Baktım mail kutum dolup taşmış.
* * *
Bir öğretim görevlisi dostum diyor ki...
“Bizde komşumuzun bir yanlışını ihbar etmek ayıp sayılır. Avrupa’da böyle değildir. Eğer kurallar dışında bir eylem varsa ve uyarılara rağmen bir düzelme olmuyorsa bir Parisli, bir Berlinli telefonunu açar ve ihbarını yapar. Yapmadığı zaman kendini iyi hissetmez. Bizde ise tam tersidir. İzmir’in sokakları, caddeleri kirlense de, kırmızı ışıkta geçilse de, kocası karısını dövse de arasının bozulmasını istemez...”
* * *
Girişimci bir başka dostum ise şöyle bir not göndermiş:
“İnsanlarda bir bıkkınlık var. Uyarsa da insanlar yapmaya devam ediyor. Şikayet etse de sonuç değişmiyor. Mahkemeye gidiyorsun yıllar sürüyor. Polise şikayet ediyorsun, hiç beklemediğin tavırlarla karşılaşıyorsun. Sözlü uyarıda bulunuyorsun anında şiddetle cevap buluyorsun. Ama çok haklısın, Türkiye’nin değişmesini istiyorsak mahalle baskısını toplumun değerlerini geliştirmesi adına kullanmalıyız...”
* * *
Özel sektörde yönetici bir arkadaşım yaşadığı bir deneyimini aktarıyor...
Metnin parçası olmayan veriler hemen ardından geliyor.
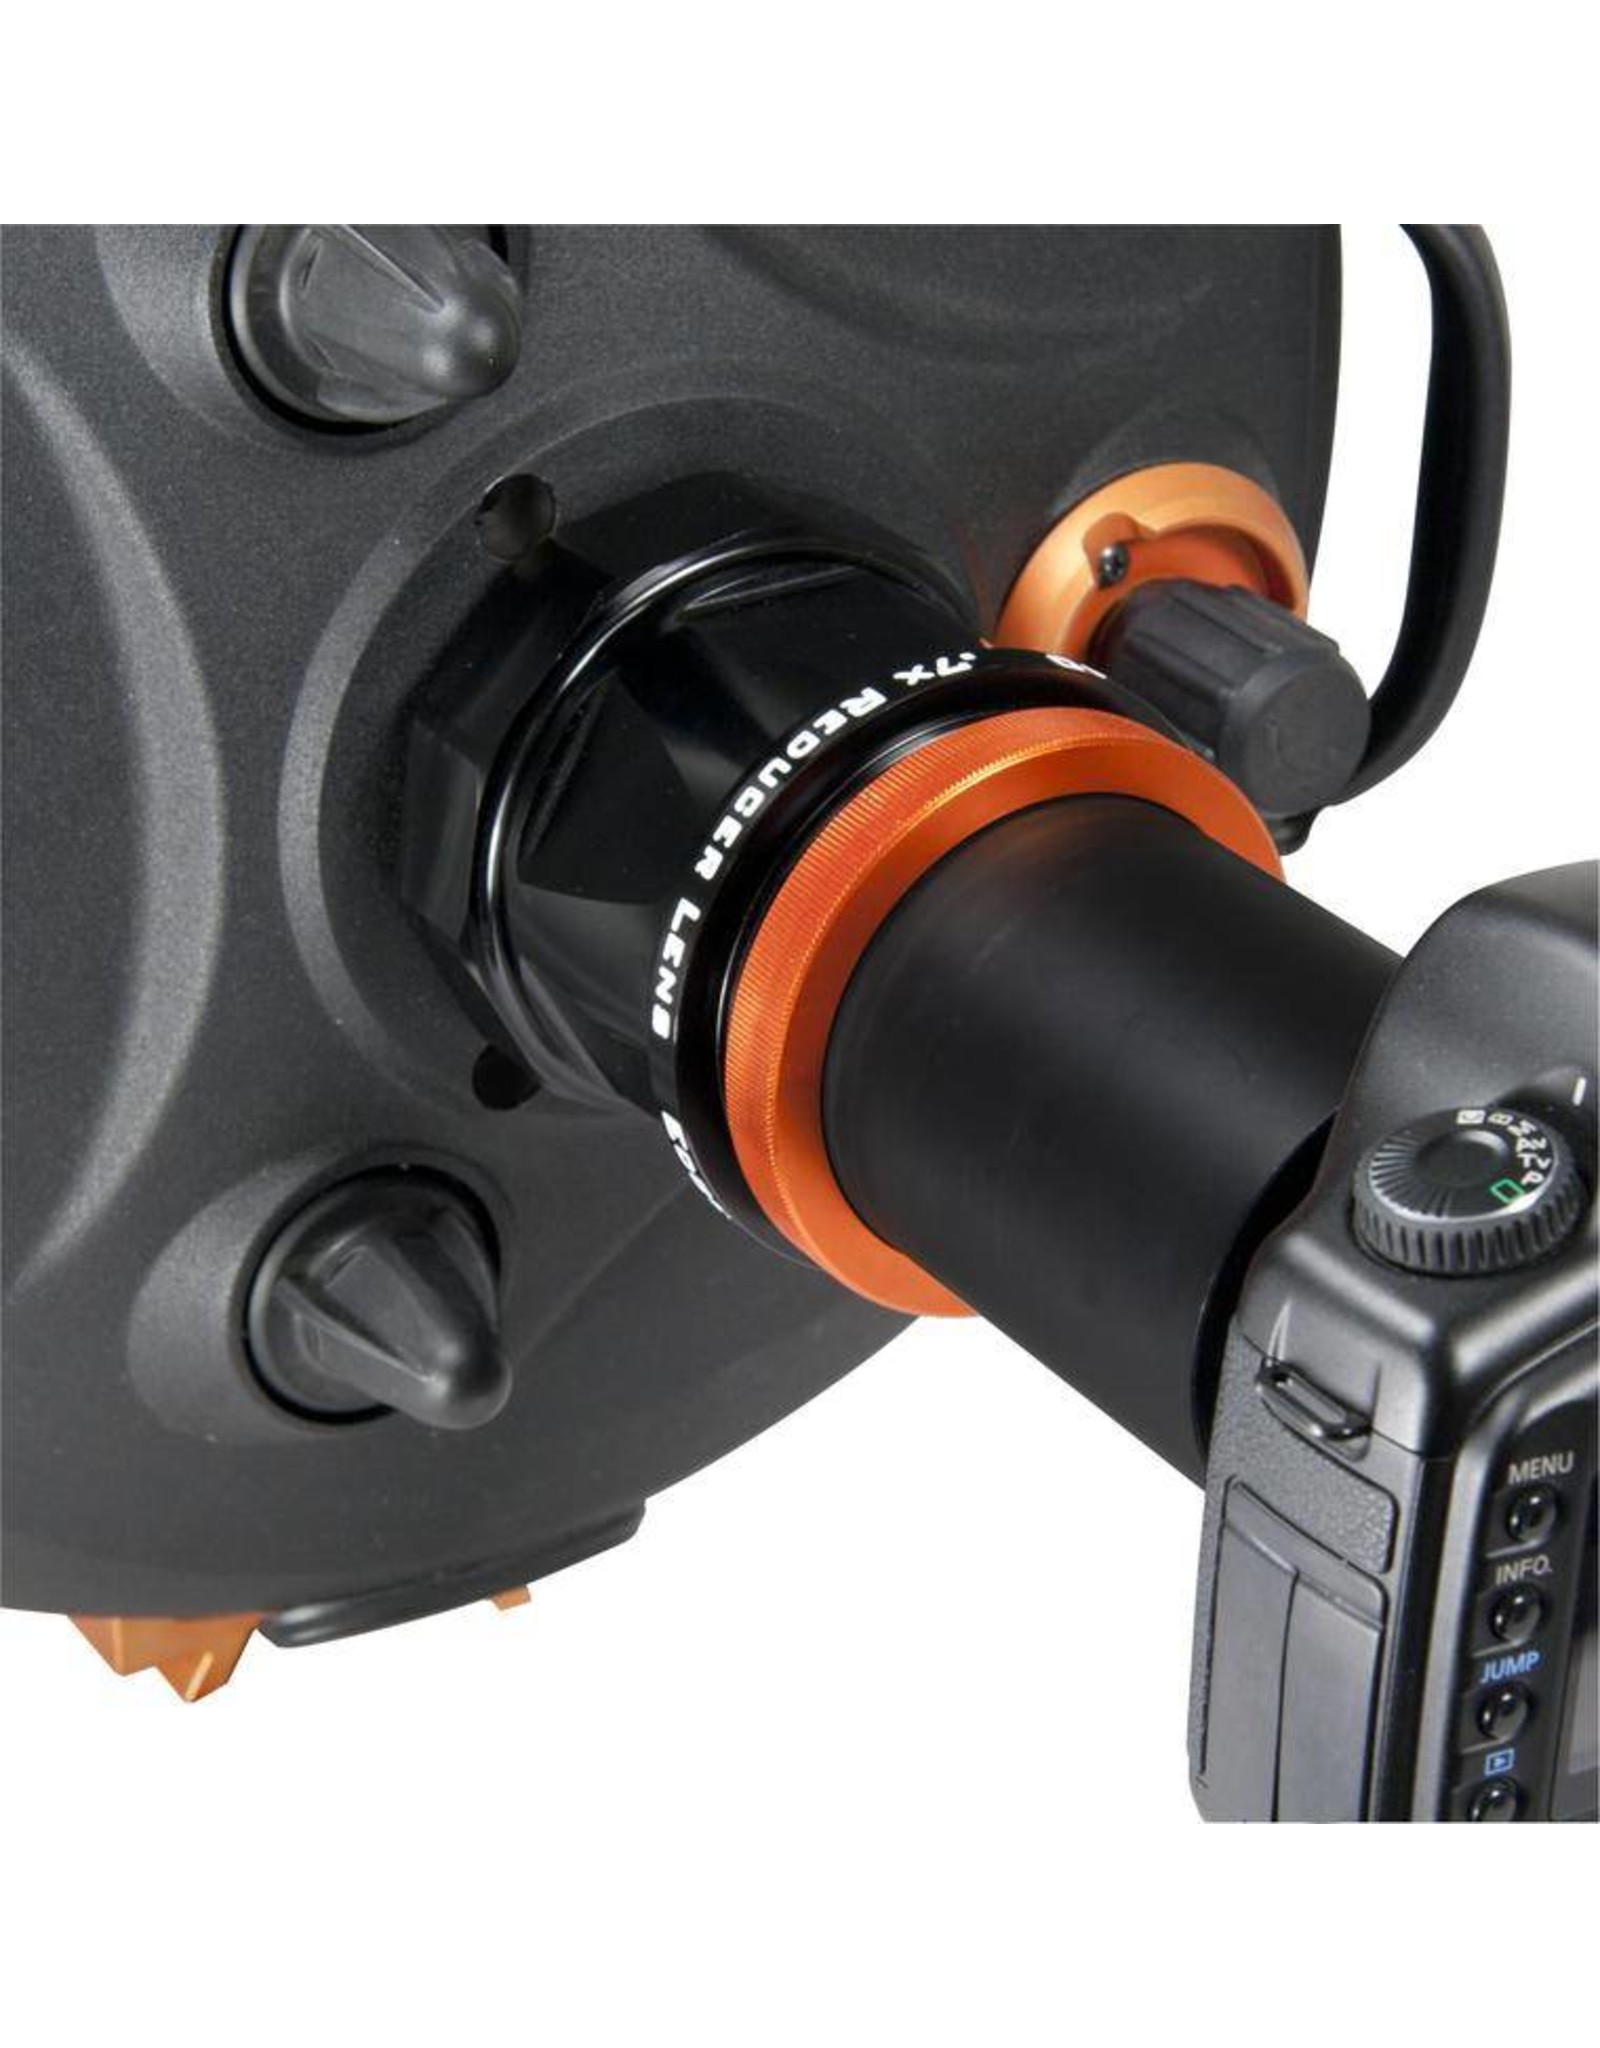 Celestron Celestron Reducer Lens .7x - EdgeHD 925

“10 yılı aşkın bir süre Fransa’da yaşadım. Sadece bir kere trafik cezası yedim. Cezayı elime aldığımda şaşırdım. Sabaha karşı, sokakların boş olduğu bir zamanda kırmızı ışıkta geçtim. İhbarı yapan, havaalanında karşılaştığım bir arkadaşımdı. Onu da kaldığı yere bırakıp evime gidecektim. Bu tavır Fransa’da son derece doğal karşılanır. Hadi gelin bunu Türkiye’de yapın. O zaman herkes birbiriyle küs olur...”
* * *
Demokrasinin her zaman dünyanın en zor rejimi olduğuna inanmışımdır.
Demokrat olabilmek için de hoşgörünüzün yüksek, empati gücünüzün gelişmiş olması gerekir.
Ama her şeyden önemlisi...
Demokrasinin kurallarla işleyebilmesi ve olgunlaşabilmesidir.
Herkesin istediği gibi hareket edebileceği bir rejimini adı demokrasi olamaz.
Bana gelen mesajlardan anlıyorum ki, toplumda müthiş bir çekingenlik ve güvensizlik var.
Adamsendecilik, fütursuzluk, hesap vermezlik almış başını gidiyor.
Batı demokrasisinde bireysel haklar her şeyin önündedir.
Ve birey bu kazanımları korumada en önemli rolü üstlenmektedir.
Bizde eksik olan bu toplumsal reflekstir.
Mahalle baskısını “türban” olarak algılayan bir toplum, asıl baskıyı toplumun gelişmesi için kullanırsa çok daha iyi sonuçlar ortaya çıkabilir.